3.1 The mRNA and protein expression of AJUBA and YAP1 in Glioma (Bioinformatics analysis )
We first used Oncomine database to analyze the transcriptional levels of AJUBA in various cancer types and corresponding normal tissues(Fig 1). The result shows that there are a total of 300, 436 unique analyses for AJUBA and YAP1 respectively. In tumor tissues,AJUBA was significantly increased in 30 datasets and 7 datasets showed an reduced level.Additionally, higher expression of AJUBA were observed in in tumor tissues, especially in brain and CNS, colorectal,gastric,cervical,leukemia, esophageal,head and neck cancers. Compared to normal tissues,YAP1 showed elevated mRNA levels in tumor tissues, especially in brain and CNS, colorectal,gastric,lymphoma,pancreatic cancers.YAP1 was significantly increased in 22 datasets and 7 datasets showed an reduced level.

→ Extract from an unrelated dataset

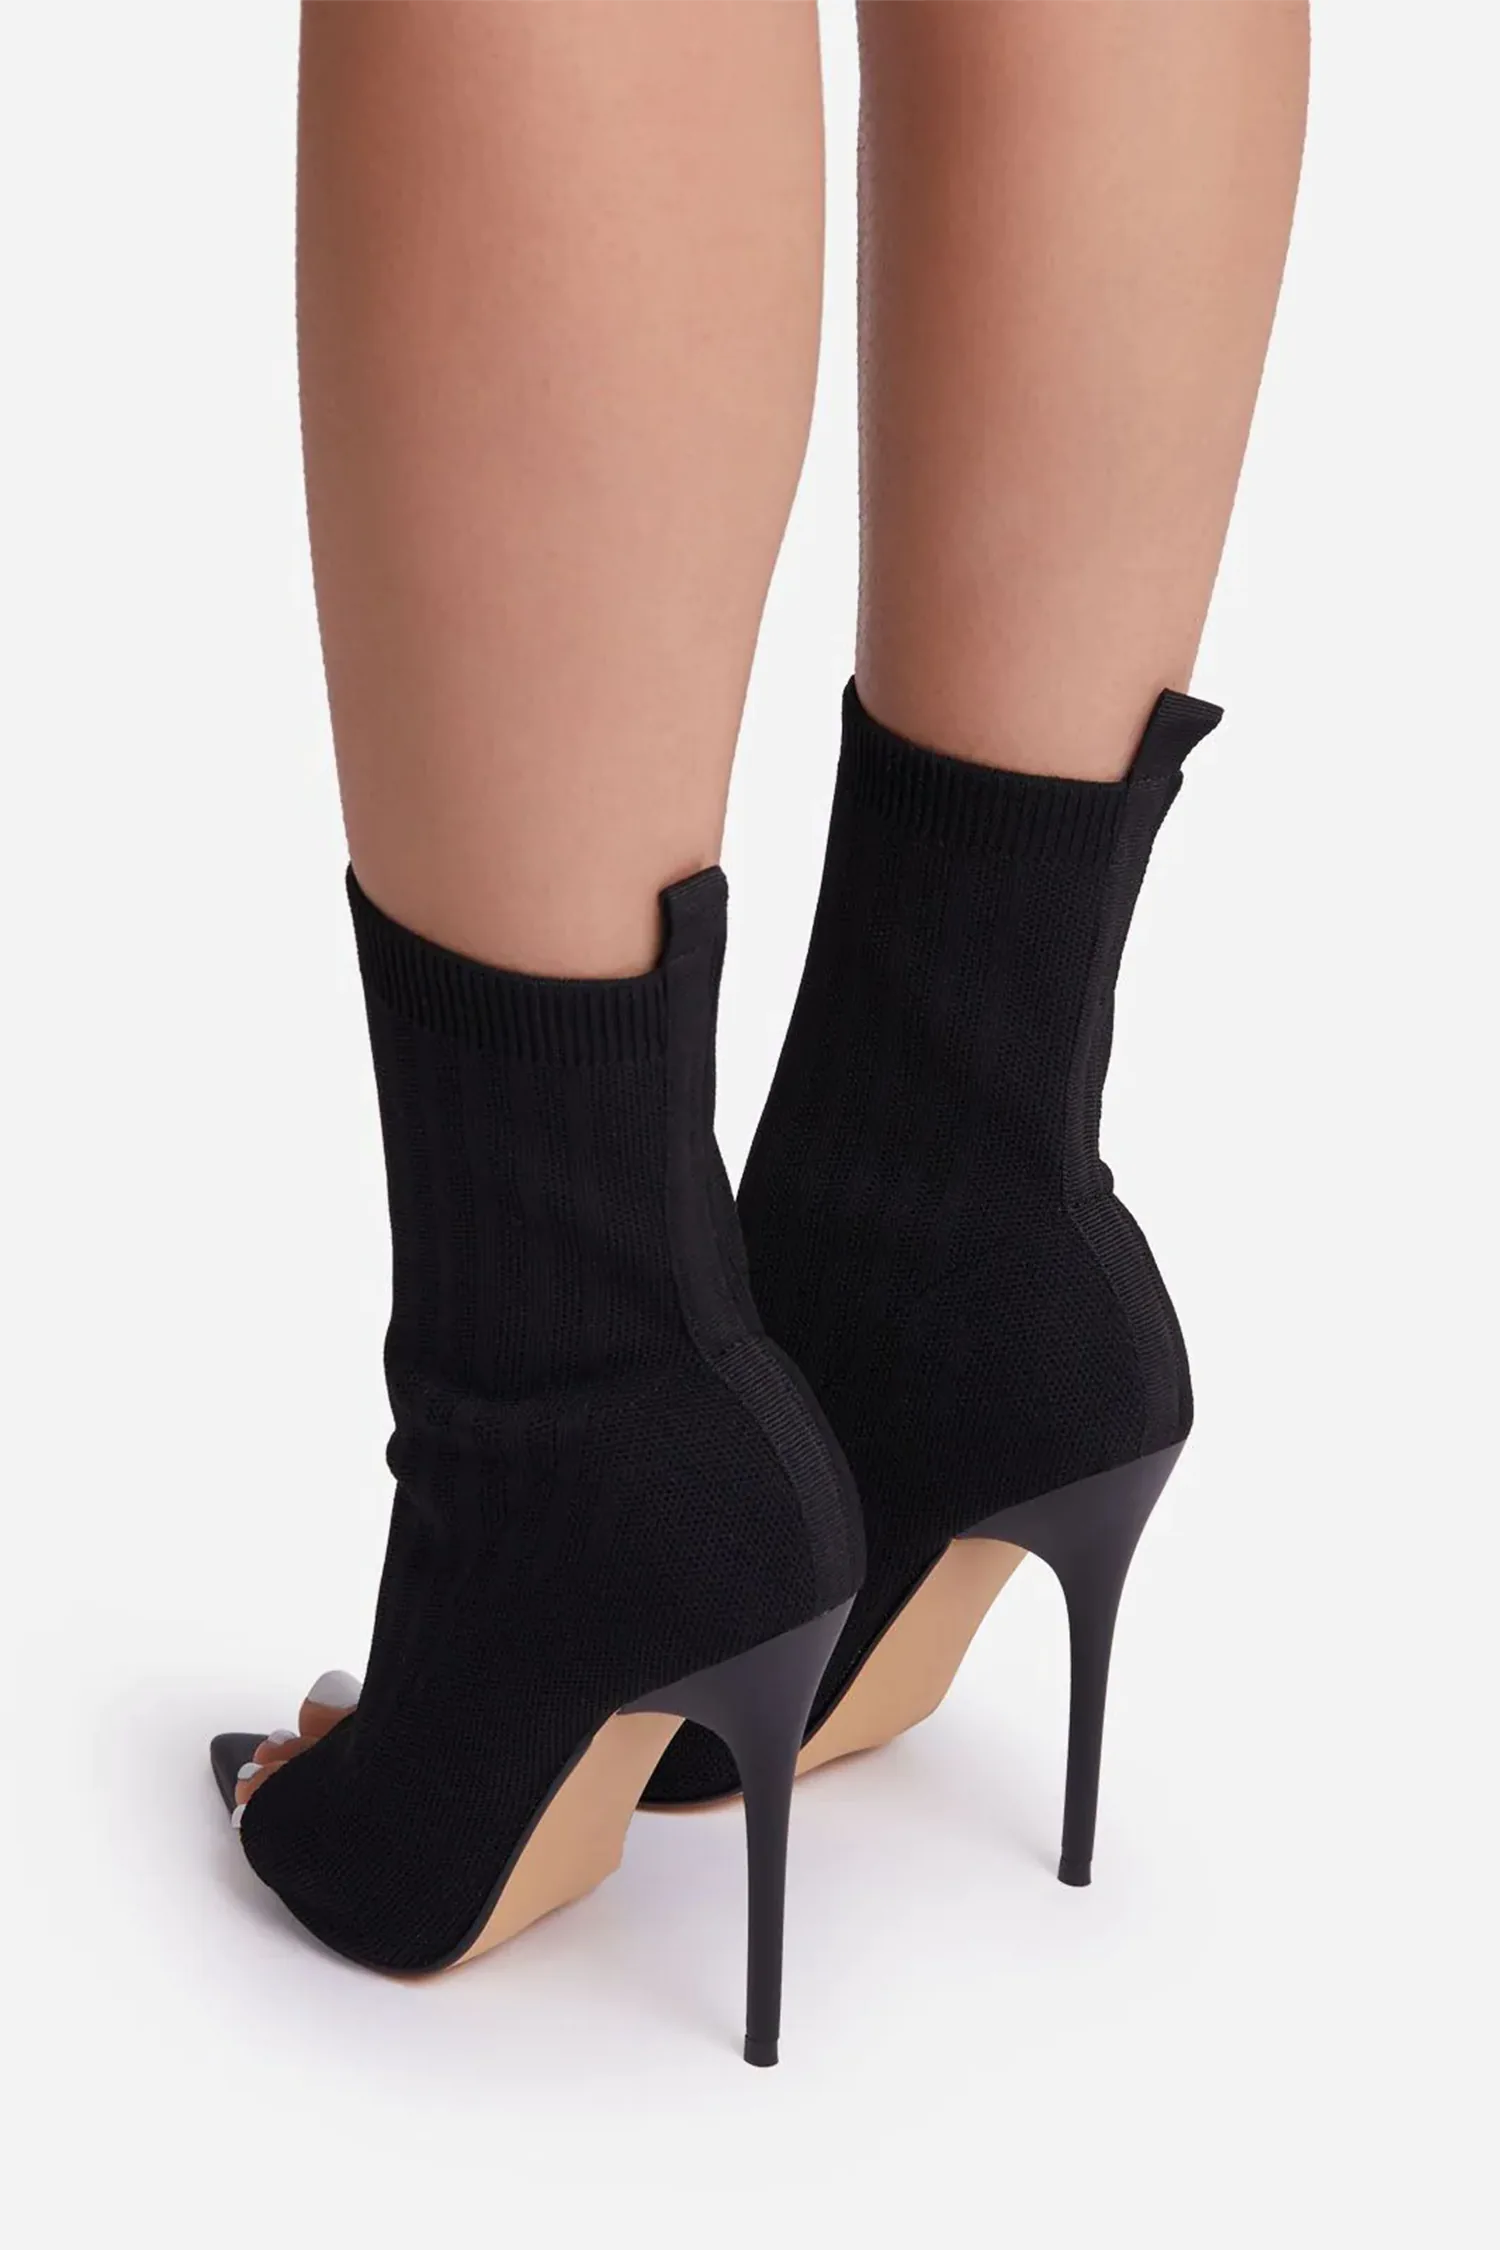 Black Peep Toe Stiletto Heels Ankle Sock Boots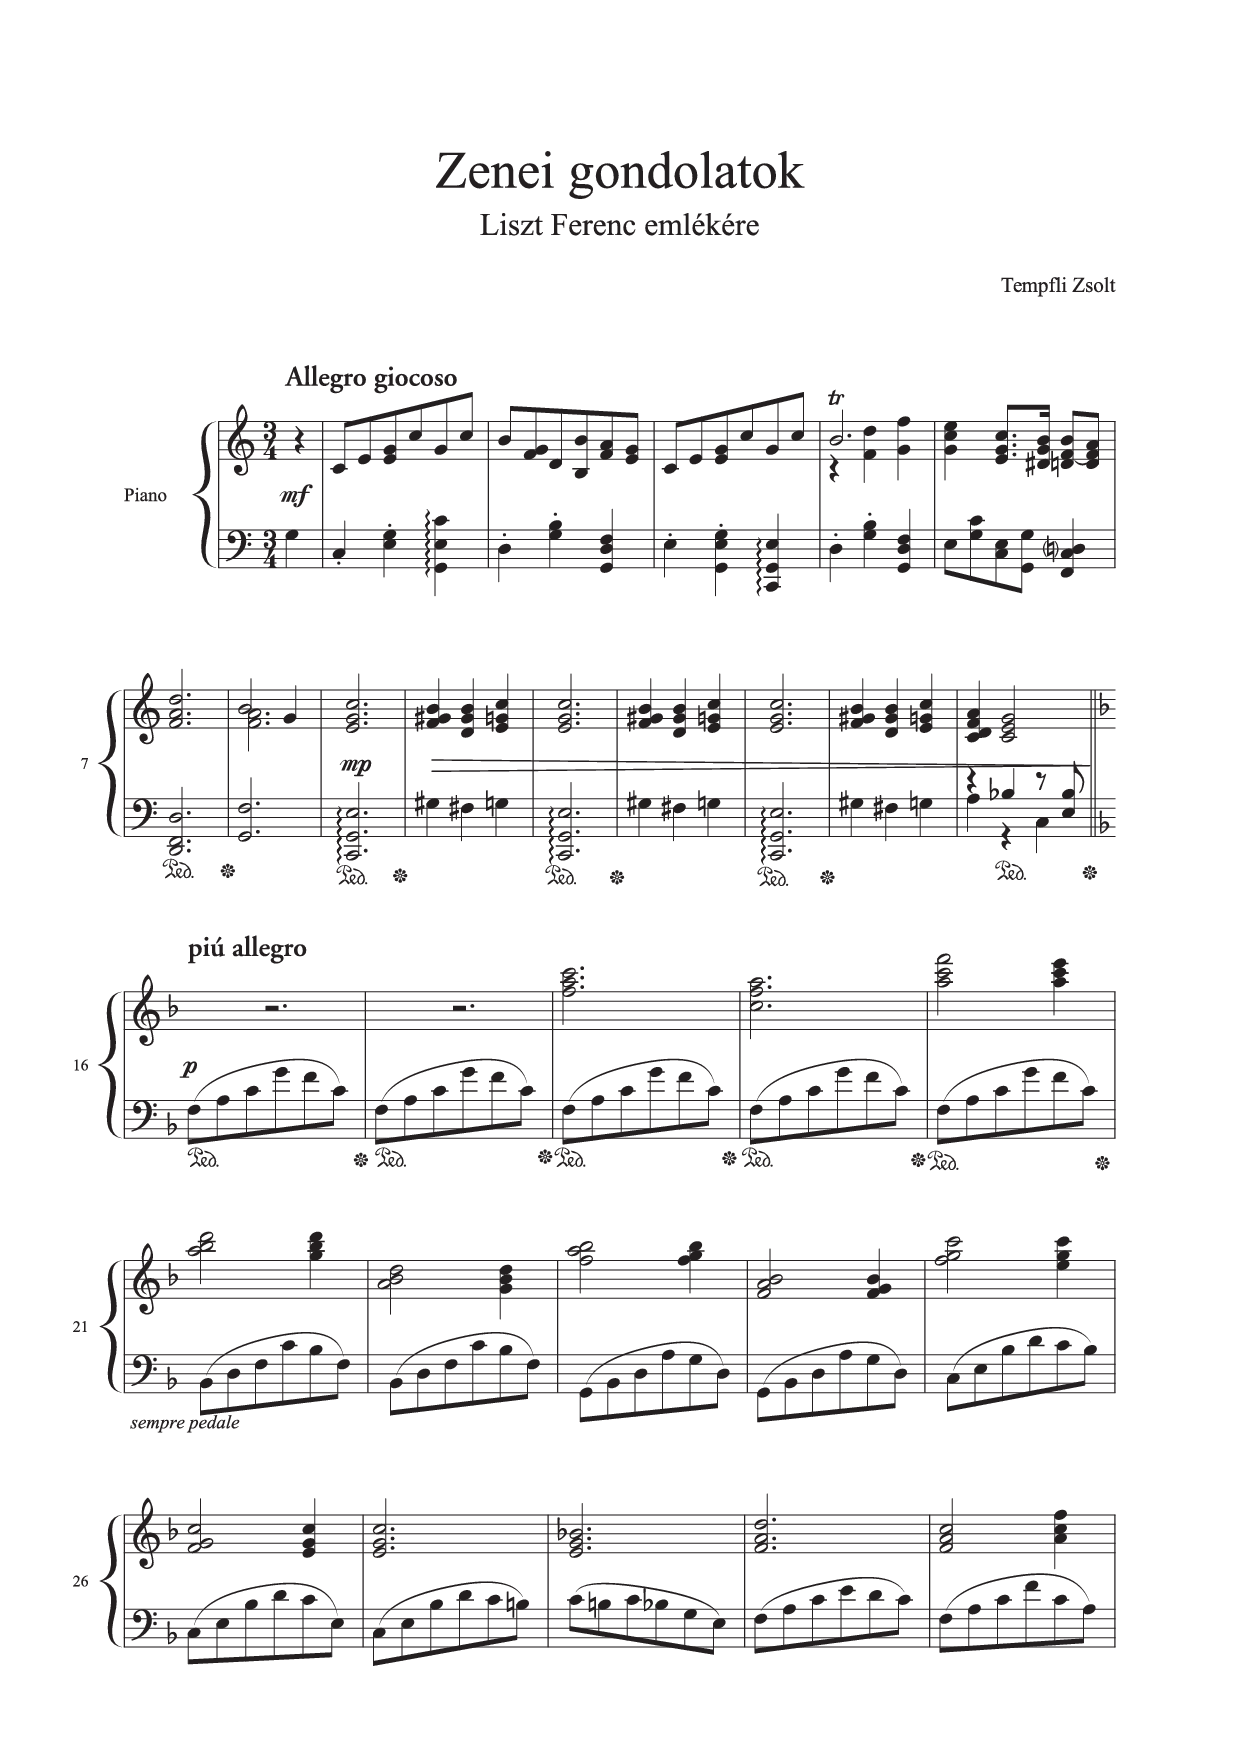 Tempfli Zsolt: Zenei gondolatok Liszt Ferenc emlékére (op. 10) zongorára

Oncomine analysis results showed that AJUBA mRNA level was significantly elevated in glioma.The transcription levels of AJUBA were significantly higher in Glioma in five datasets. AJUBA was upregulated in Glioblastoma in Sun brain42, Murat Brain43 and Liang Brain dataset44 and upregulated in LGG in Sun brain42,French Brain45 and TCGA Brain 2 dataset. The stypes of LGG are mainly included in Anaplastic Oligodendroglioma,Oligodendroglioma,Anaplastic Astrocytoma,Diffuse Astrocytoma. However,The transcription levels of YAP1 also were significantly higher in Glioma in five datasets.YAP mRNA level was elevated in glioblastoma in Sun brain42, Murat Brain43,Bredel Brain 246 and TCGA Brain datasets.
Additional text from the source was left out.